/youtubeScrappingWebsite-Public

Developed project with intention of understanding of web scrapping, api integration, talking to 3rd party libraries

Primary LanguagePython

youtubeScrappingWebsite-Public

Developed project with intention of understanding of web scrapping, flask-api integration, talking to 3rd google api.

This project provides an overview of how to implement Webscrapping using python.

Introduction of Webscrapping: Web scrapping is extracting data from a website and creating our own analysis on it.
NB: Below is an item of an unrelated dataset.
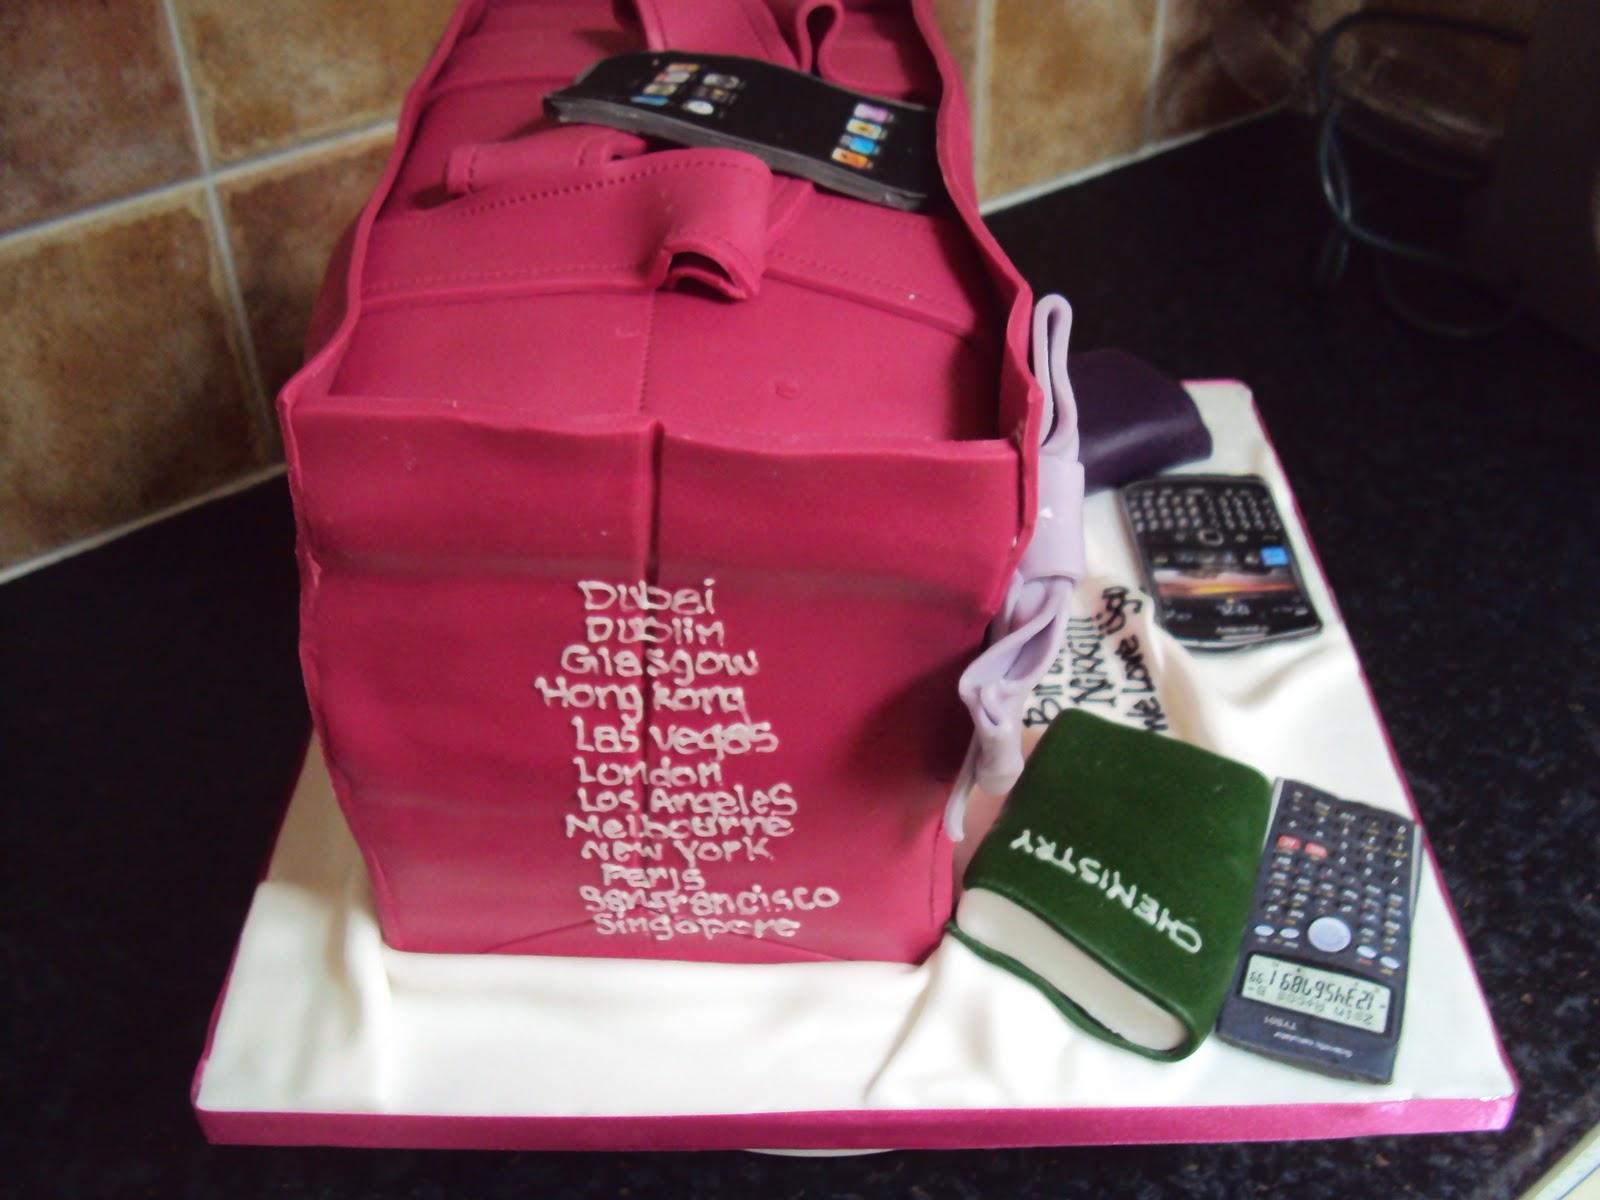 designer-bags-lv-gucci-prada-cakes-cupcakes-22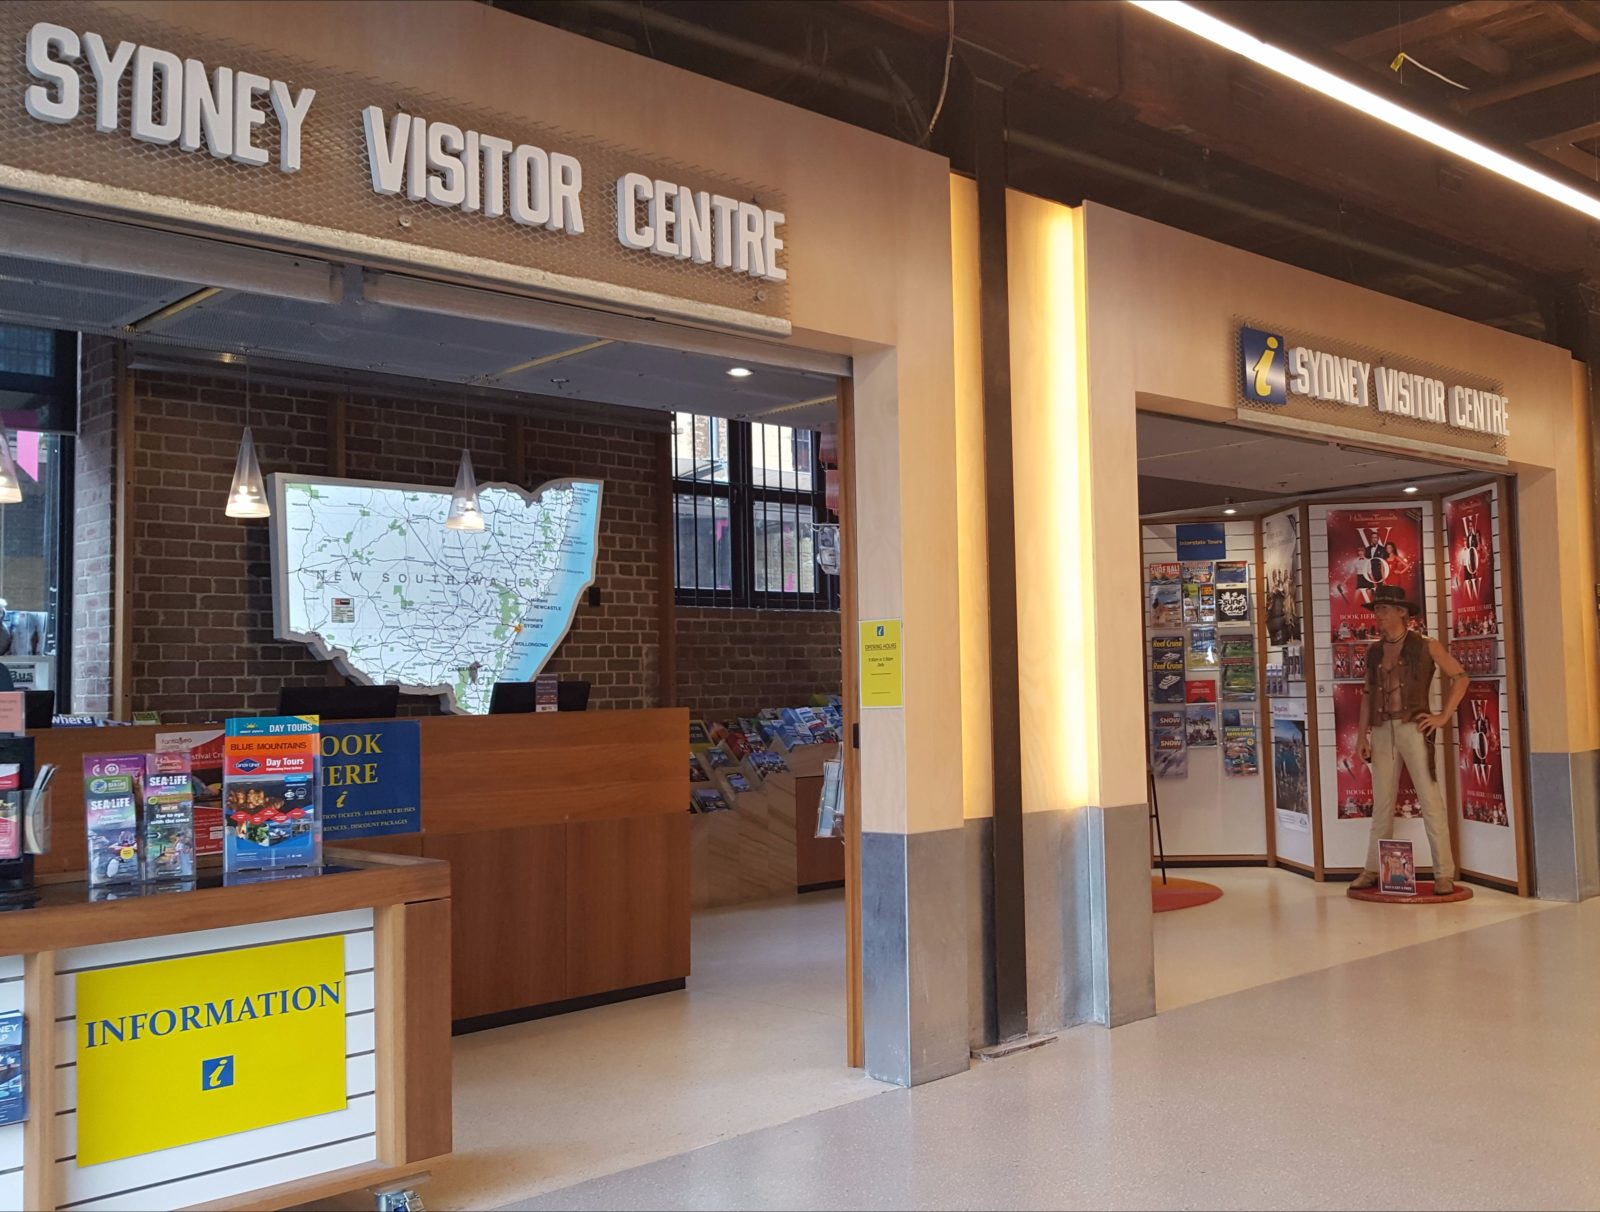 Sydney Visitor Centre at The Rocks

  • app.py is the core api layer which accepts request and return a response/download/upload a file
  • Operations:
    • "/" : Redirects to home screen
    • "/channel" : Redirects to the searched channel
    • "/channel/videos" : Redirects to the channel videos
    • "/channel/video/comments" : Redirects to the channel, video comments
    • "/channel/video/download" : Downloads the channel video
    • "/channel/video/s3upload" : Uploads to the S3 bucket
  • AppConfig.py is the application related configuration information
  • DbModel.py, MongoDbModel.py, SnowflakeDbModel.py are the database related connection setting and CRUD operations
  • YTChannels.py is the core file which handle to extraction process from YouTube, upload to s3, save to database.
  • YTExceptions.py, YTLogger.py are exception handling and logging files
  • conf.ini application configuration information
  • generate_secrets.py is the secrets generation file
  • requirements.txt is the application package related information file

Libraries used

  • requests==2.27.1
  • beautifulsoup4==4.11.1
  • requests
  • mysql-connector-python
  • flask
  • requests_html
  • pytube
  • pybase64
  • boto3
  • cryptography
  • pymongo
  • pymongo[srv]
  • snowflake-connector-python
  • gunicorn==20.0.4